Information about the Foundation Werkgroep Herkenning

The Foundation Werkgroep Herkenning was established in May 1981 as an organization of providing help to the children of parents and grandparents who were on the side of the occupying forces in the years between 1940 and 1945. Even today, many of these children, now adults, are faced with problems in their personal and/or social lives.

The goals of the Werkgroep are:

  • To promote help for those people faced with serious problems in their personal or social lives because their parents or grandparents collaborated with the Nazis in World War II.
  • To raise awareness among the general public for the problems this target group has to deal with.

The Werkgroep attempts to achieve this by:

  • offering those concerned the opportunity to come into contact with one another to exchange their experiences and discuss the problems specific to their particular circumstances;
  • organizing and coordinating discussion groups;
  • giving information and advice on the availability of spiritual help;
  • stimulating circulation of publications and developing other ways of communicating information, thus contributing towards the population’s better understanding of the problems of the target group;
  • searching for contact with other wartime children with a view to combining the plea for help with an exchange of experiences, thus making it possible for the Werkgroep to perform its work more effectively;
  • establishing and maintaining contact with those organizations that provide help in general, and extend help and support to war victims in particular.

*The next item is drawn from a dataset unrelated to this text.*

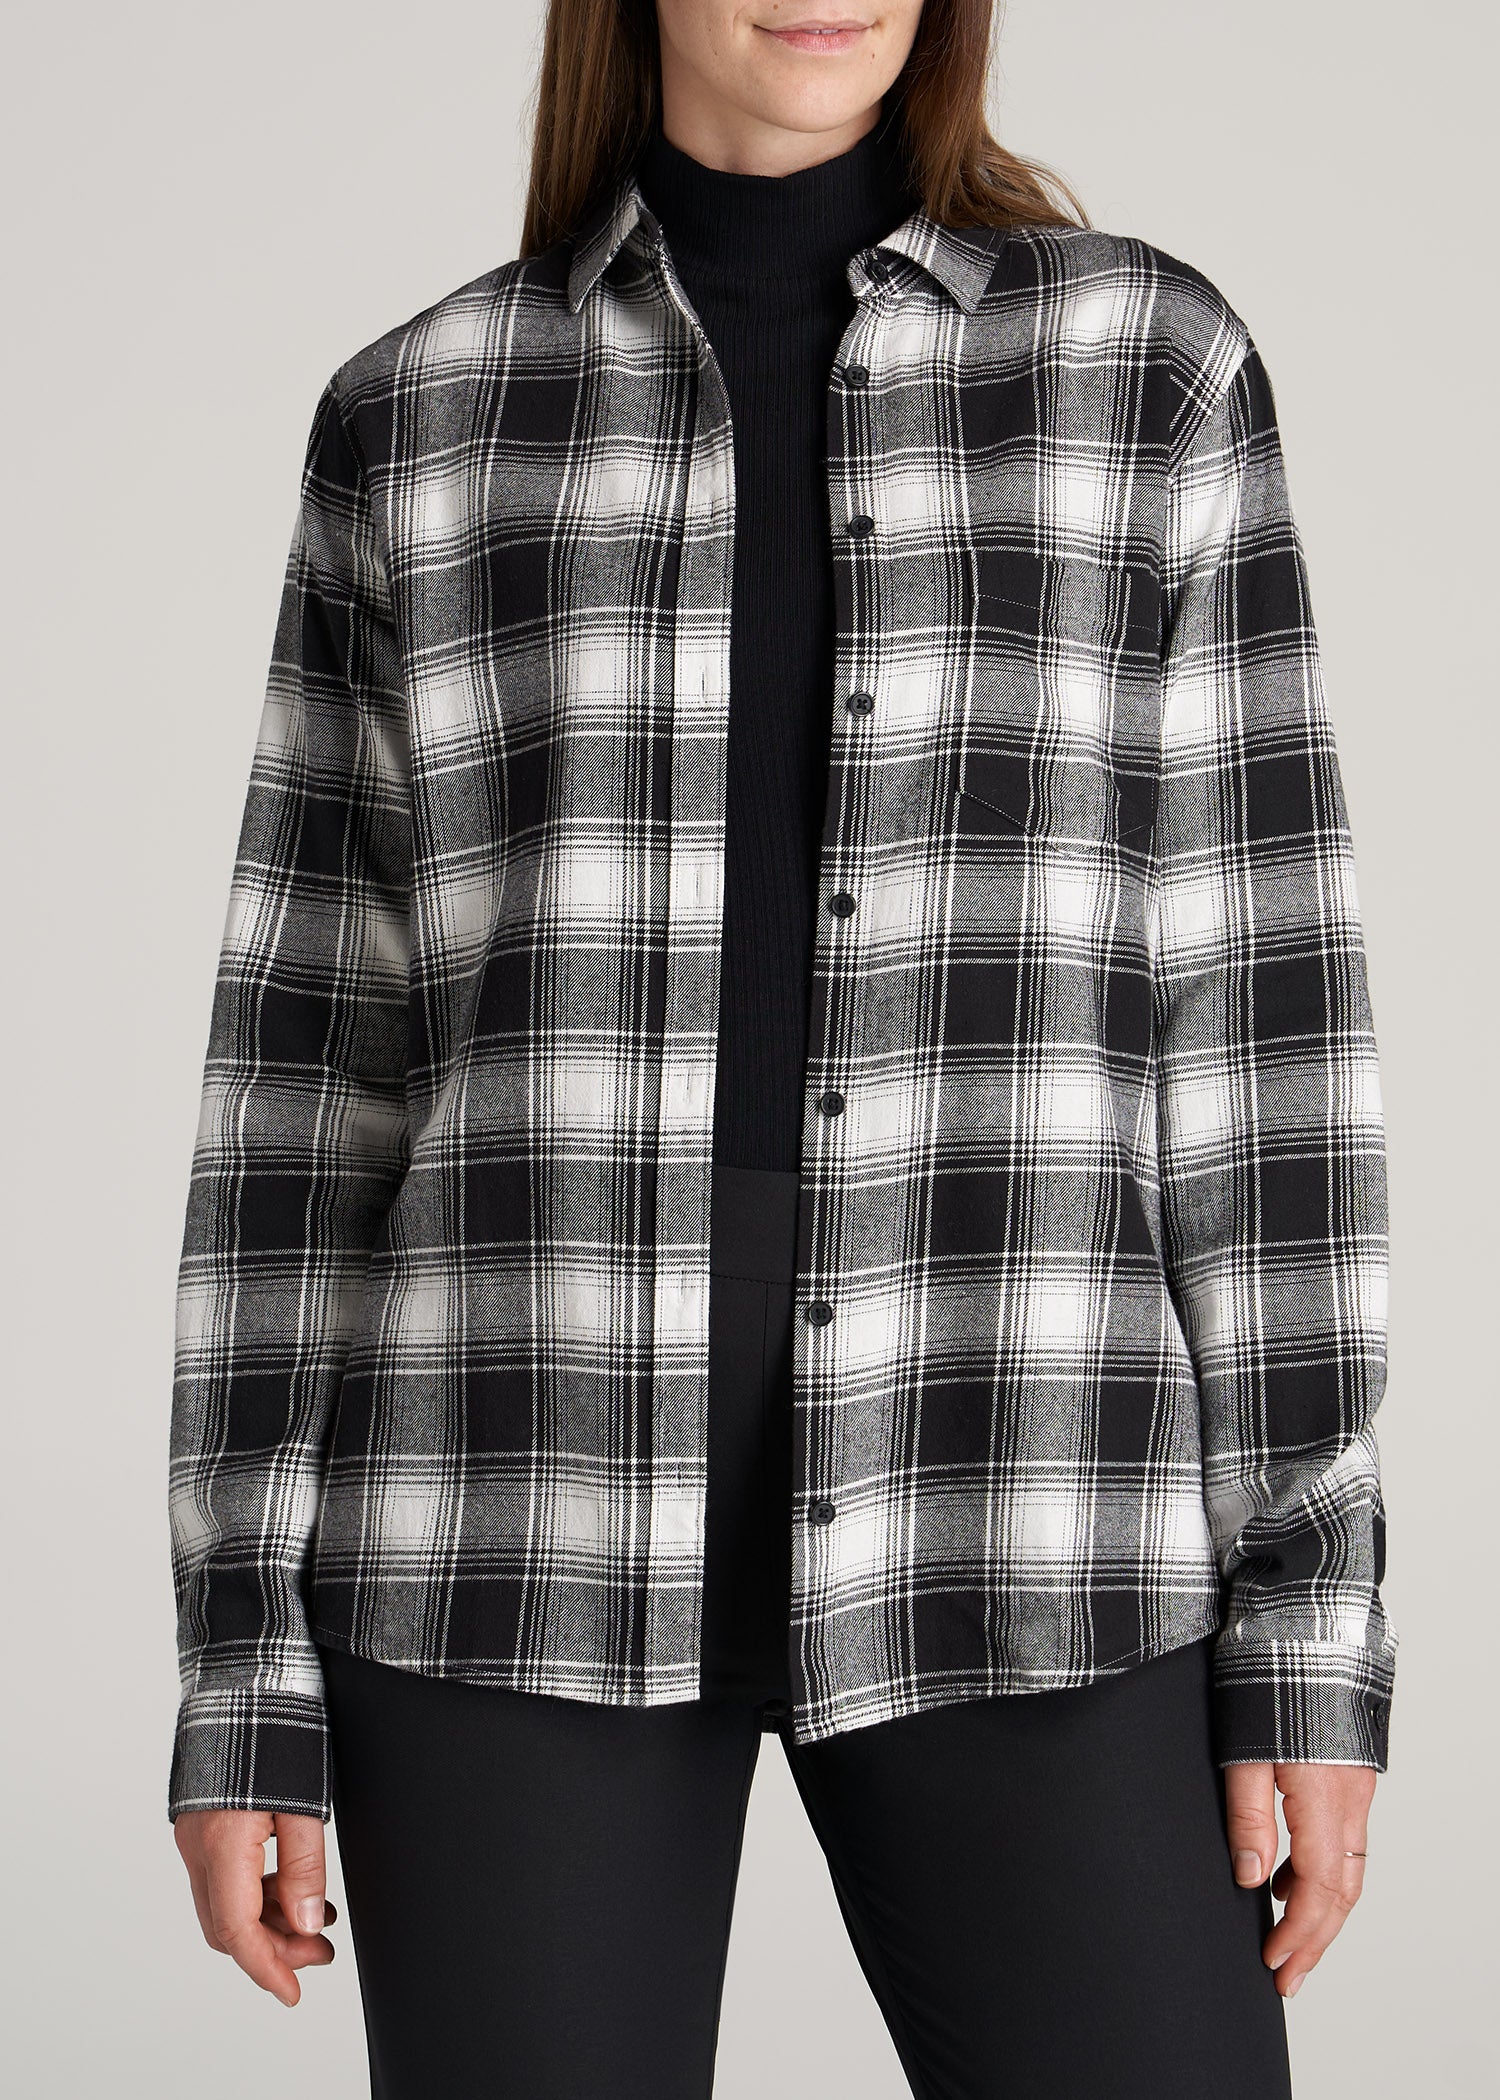 Flannel Button-Up Shirt for Tall Women in Black & White Plaid S / Extra Tall / Black & White Plaid

The Foundation Werkgroep Herkenning has no ties with any political party, philosophical movement or
religious fellowship.

The target group consists of all those people born in 1928 or later. Persons born before then (between 1924 and 1928) only fall within the scope of the Werkgroep objectives if it is evident that they took no active part in any form of collaboration or, in the event of collaboration under force, explicitly disassociated themselves from their activities at a later date. On the ground of this definition the ‘grandchildren of Dutch collaborators’ are also included in the target group.

Apart from the individual problems specific in each case, we can distinguish between:

  • persons who have memories of the war (those born before 1942/43);
  • persons who, although having experienced the war, have no conscious memories of that period (those born between 1942/43 and 1945);
  • persons born after the war, i.e. those that did not experience the war.

When speaking about other war victims, only group 3 is strictly categorized under what is often referred to as the second generation. Our Werkgroep has the view (and this is also the opinion of experts) that not only the second category but also the first one can be faced with several aspects of these ‘problems of the second generation’. It has even become evident in recent years that those people belonging to the third generation (the grandchildren) can have problems because of the choices their grandparents made during the war.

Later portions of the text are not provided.